В конце своей речи он уже чуть ли не кричал. Что-то Ольт разволновался не на шутку. Его всегда злили исполнительные деятели, которые ради того, чтобы исполнить приказ начальства или прогнуться перед ним, шли напролом, ломая при этом человеческие судьбы. В той жизни, под самый ее конец, он одел свое сердце в камень, стараясь избавляться от таких людей в своих структурах и не обращая внимания на то, что творится у других. Но сегодня что-то его задело, и он обратил свою злость на не в чем еще не повинную голову Леко. А ведь мог и получить на орехи. Нравы здесь были простые и мальчишка вроде него должен все-таки знать свое место. И ведь доводы эти он уже приводил в долгих вечерних беседах с Карно и вел себя при этом привычно хладнокровно. Нет, с этим детским телом надо что-то делать, видно опять вмешались детские гормоны или что там есть у детей. Хорошо еще Леко спокойно перенес его немного сумбурную пламенную речь. Ольт сконфуженно молчал, боясь, что еще пару слов и полусотник взорвется от ярости и обиды, но тот тоже не горел желанием что-то тут же отвечать. На полянке воцарилось молчание, которое через некоторое время нарушил полусотник.

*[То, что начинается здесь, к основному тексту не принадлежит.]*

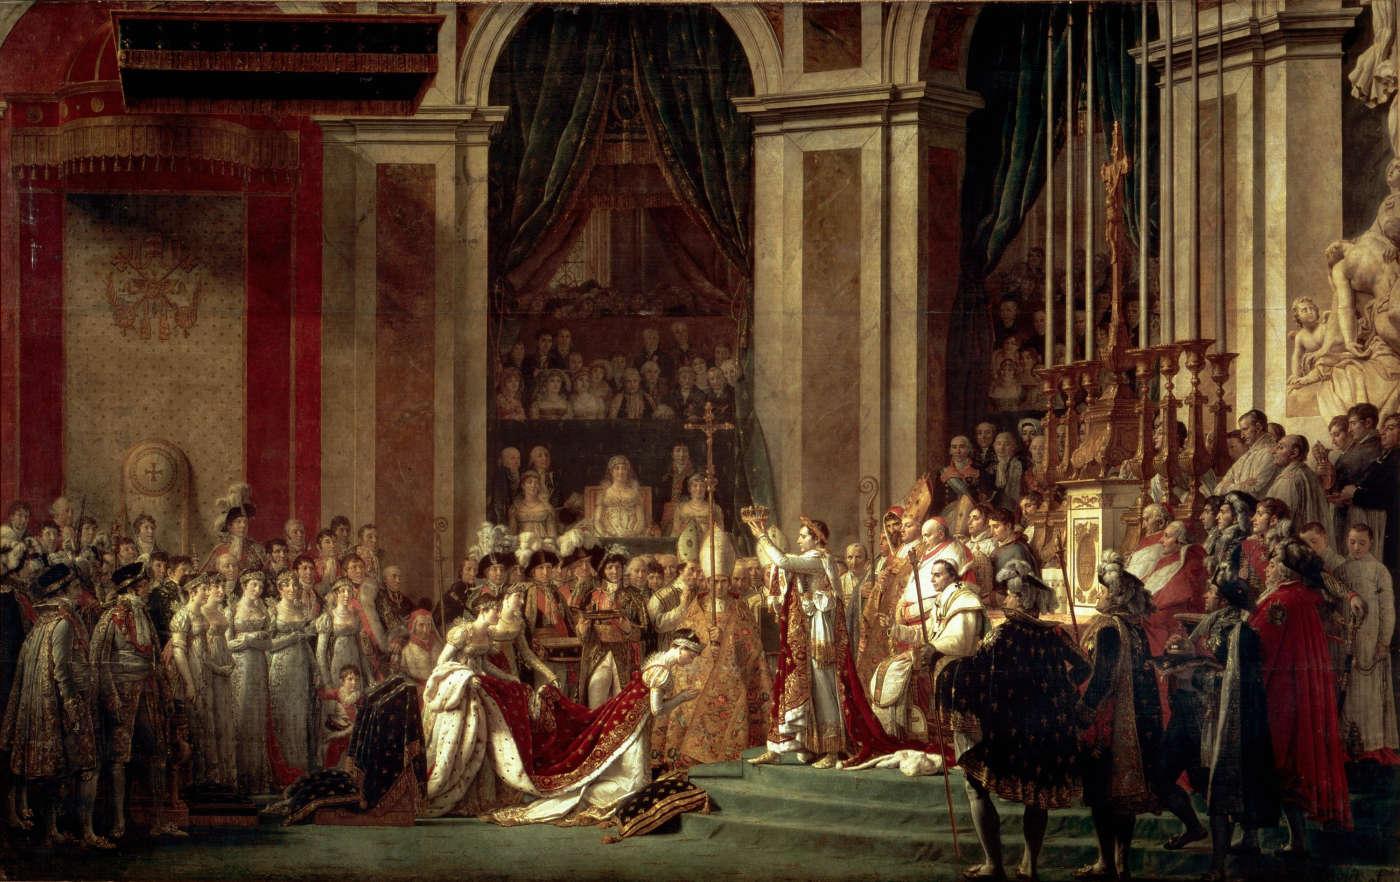 La coronación de Napoleón y coronación de Josefina, por Jacques Louis David, 1809. Museo del Louvre, París.

— Ну ты и дал. Как-то я не задумывался над этим так. И кажется — зря. Однако, надо еще подумать. Ладно, пойдем к костру. Там наверно каша поспела уже. — Леко развернулся к мерцающему сквозь деревья костру. И ни слова об речи Ольта. Тот, посчитав, что не следует будить лихо, пока спит тихо, молча последовал за ним. То, что полусотник пропустил мимо ушей обидные слова давало определенную надежду, что он услышал главное. Вообще-то у Ольта уже был план предстоящего сражения, но ему было нужно, чтобы Леко и сам пошевелил мозгами, а не тупо бросился в атаку. Пускай у него будет что-то другое, пускай глупое и неисполнимое, самое главное дать толчок к пониманию того, что все защитники, как и его собственная жизнь — это не просто трудно восполнимая часть всей деревни, а сама надежда на жизнь всех этих крестьян и надо думать о том, как эту часть попусту не растратить. А там уже, хочешь-не хочешь и до плана сражений дело дойдет. А судя по всему, призадумался полусотник крепко и оставалось только надеяться, что над тем, что надо. В этом Ольту пришлось убедиться, когда Леко поднял его среди ночи.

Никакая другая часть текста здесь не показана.